Beginnings, and Endings

As students around the country begin their freshman year of college, many schools have found that they actually need to find creative ways to separate students from their parents, officially. According to an article by Trip Cabriel in the New York Times:

As the latest wave of superinvolved parents delivers its children to college, institutions are building into the day, normally one of high emotion, activities meant to punctuate and speed the separation. It is part of an increasingly complex process, in the age of Skype and twice-daily texts home, in which colleges are urging “Velcro parents” to back off so students can develop independence.

It used to be that parents just dropped the kid off at the dorm and that was that. Today, however, many colleges stage special separation ceremonies in which college close symbolic gates and stage official goodbyes.

It’s unclear if these activities are designed primarily for the benefit of the parents or the students.
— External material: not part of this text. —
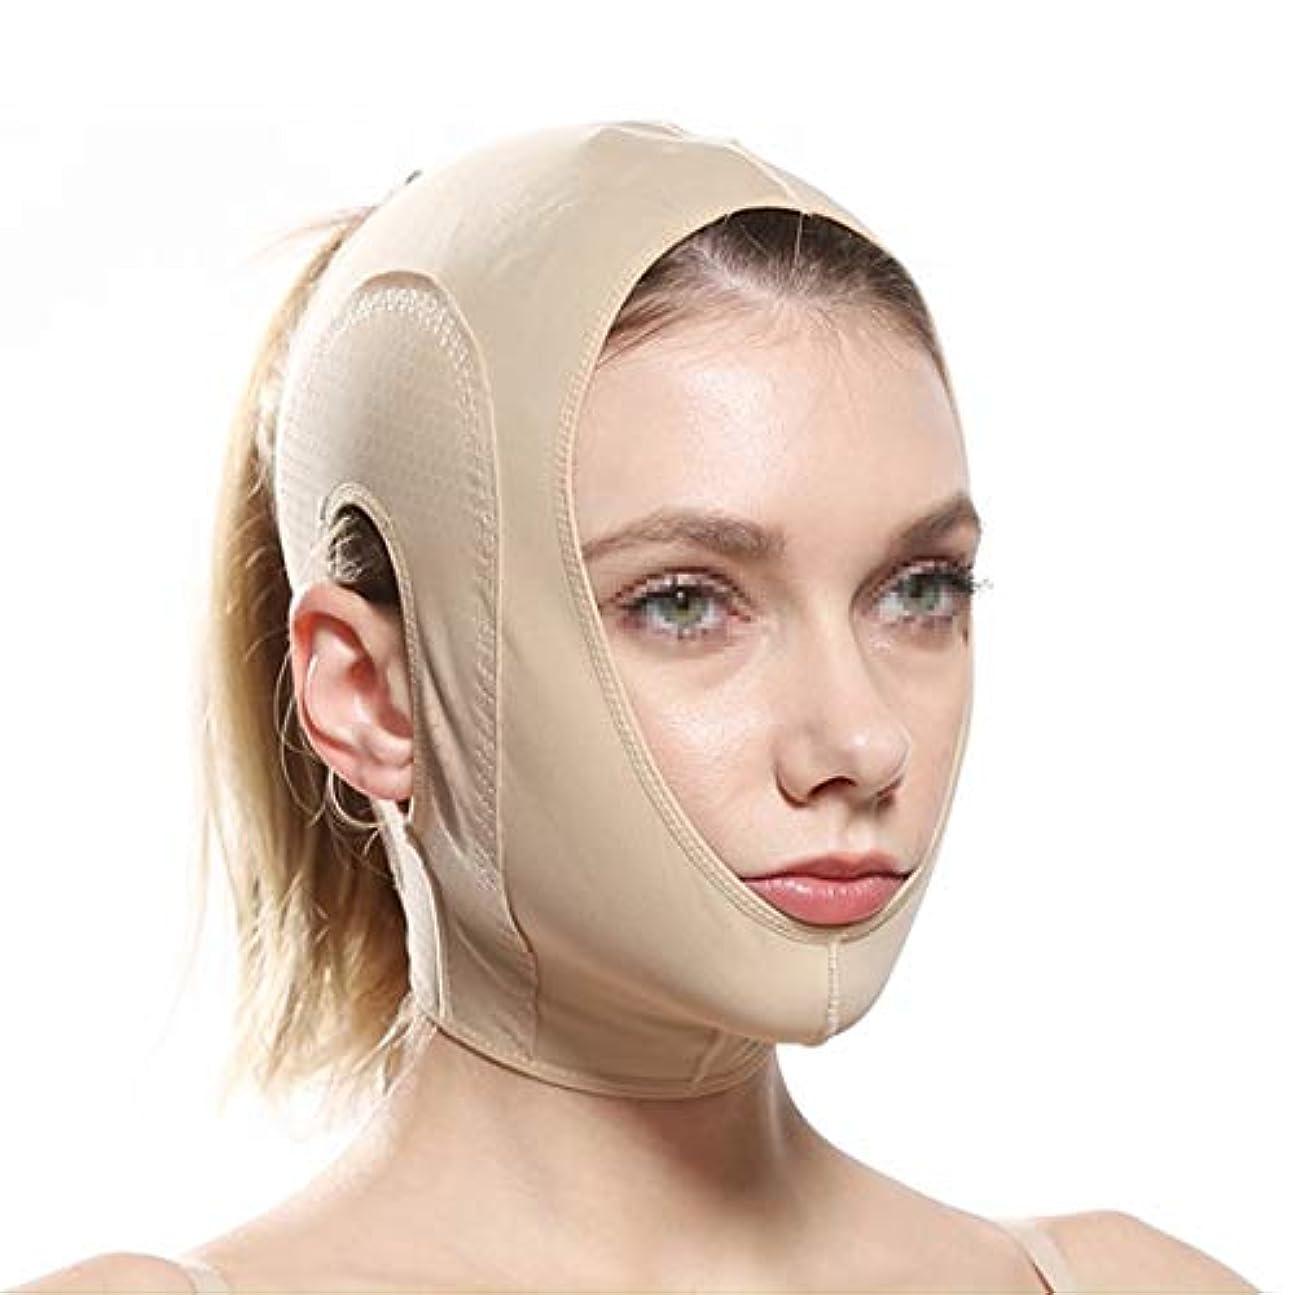 虐殺お風呂自分のためにZWBD フェイスマスク, フェイスリフティング包帯vフェイスフェイスしわvフェイス包帯美容マスクリフトタイトビューティー

College administrators blame parents. According to Houston Dougharty, vice president of student affairs at Grinnell College:

A good deal of it has to do with the evolution of overinvolvement in our students’ lives. These are the baby-on-board parents, highly invested in their students’ success. They do a lot of living vicariously, and this is one manifestation of that.

Well perhaps, but somehow all of this vicarious living doesn’t seem to matter much in the end. The kids go off to college, their parents leave, and another year begins, the same way it always has.